Capítulo 54

Lo despertó el repiqueteo de la lluvia en el techo del coche. El frío de la mañana hizo que se estremeciera e instintivamente se cubrió con la cazadora. Sintió en su hombro la cabeza de Anaïs. La joven se le había arrimado durante la corta noche. No se atrevió a moverse, para no despertarla. Anquilosado por la mala postura, trató de estirar paulatinamente las piernas.

Esa noche habían huido de Granada con la idea de llegar a Madrid y de ahí volar a París, pero no tardaron en cambiar de planes.

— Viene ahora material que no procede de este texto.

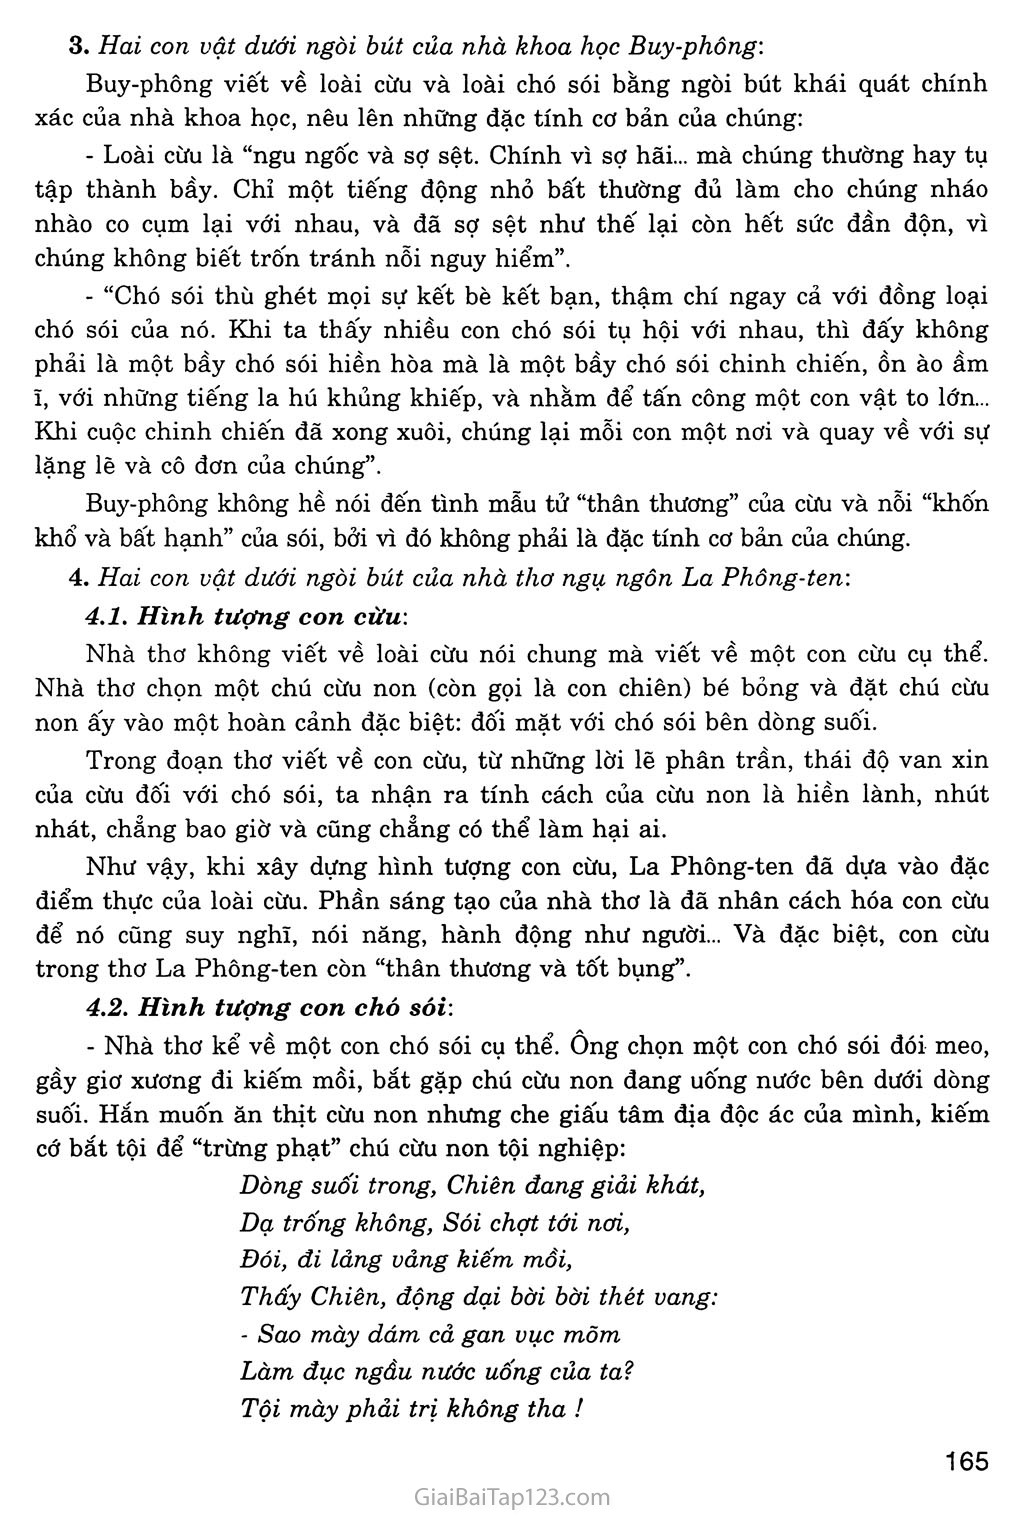 Chó sói và cừu trong thơ ngụ ngôn của La Phông - ten (trích) trang 2

La persecución por las calles de Granada los había agotado. Marcas se había dado cuenta de que sus manos temblaban al volante. Había acuchillado a un hombre a sangre fría. La mirada perdida de su víctima se le había quedado grabada en la memoria. Anaïs había propuesto dejar la carretera principal y dormir unas horas. En una revuelta de la carretera tomaron un accidentado camino que llevaba a las ruinas de un antiguo albergue. A la luz de los faros leyeron un cartel en el que decía en letras desgastadas: Venta Quemada.

Aparcaron el coche en un lugar escondido, abatieron los asientos e improvisaron una cama. Rendido de cansancio, Marcas se durmió el primero. Le dio tiempo a ver a Anaïs mirando el paisaje en silencio; una lágrima le caía por la mejilla.

La tenue luz del alba iluminaba el llano desierto que se extendía hasta el horizonte. La lluvia arreció. Le entraron escalofríos.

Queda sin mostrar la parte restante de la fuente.